La flora y la fauna eran un regocijo para la mirada. Alcanzamos una meseta en la medianía del cerro y nos detuvimos a contemplar la magnificencia del paisaje. Sólo se oía el silbido del viento. Las águilas surcaban el cielo, y yo soñaba con tener su libertad. Observábamos aquel verdor, aquella sierra inmensa y su fondo abismal. Un paso en falso, pensaba, y era una muerte segura. Jaime jugaba con un palo que parecía bastón; todos nos reímos y le dijimos que parecía Moisés. Ramón se sentó sobre una roca a contemplar el horizonte. Yo ayudaba a Charlie a buscar algún vestigio de lítica: sólo hallábamos piedras peculiares que guardábamos en nuestras mochilas y algunos fragmentos de obsidiana.

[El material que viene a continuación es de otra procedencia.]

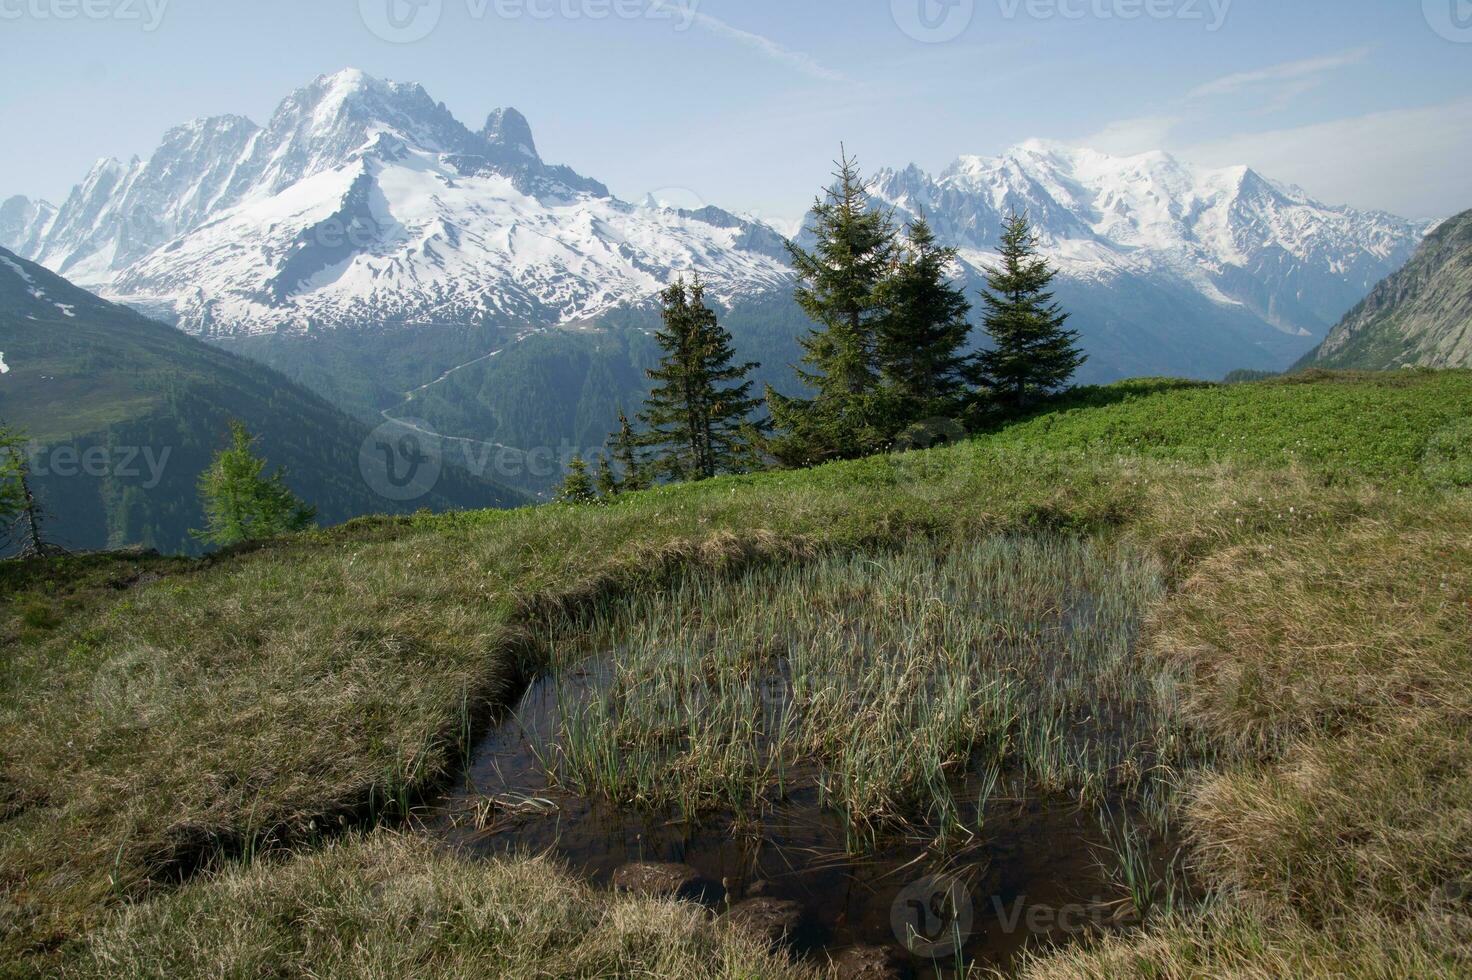 paysage de le français Alpes photo

Todo aquel espectáculo era tan novedoso para mi espíritu. Daba gracias por tener la oportunidad de explorar los confines de Jalisco que desconocía. Juan Rulfo apenas mencionó este sitio en Pedro Páramo"Es domingo. De Apango han bajado los indios con sus rosarios de manzanillas, su romero, sus manojos de tomillo. No han traído ocote porque el ocote está mojado, y ni tierra de encino porque también está mojada por el mucho llover." Pudo haber dado más rienda suelta a su imaginación de haber pasado unas horas más aquí.

Cuando decidimos emprender el descenso, escuchamos una detonación de escopeta. “¡Pies, para qué los quiero!” Bajamos a toda prisa, temerosos de caer en manos de un ranchero furioso. Según nuestros maestros, habían solicitado permiso a las autoridades, pero es natural que algunos pobladores se molesten si sienten invadido su territorio.

Subimos al autobús cansados, sudados, cubiertos de tierra… pero felices.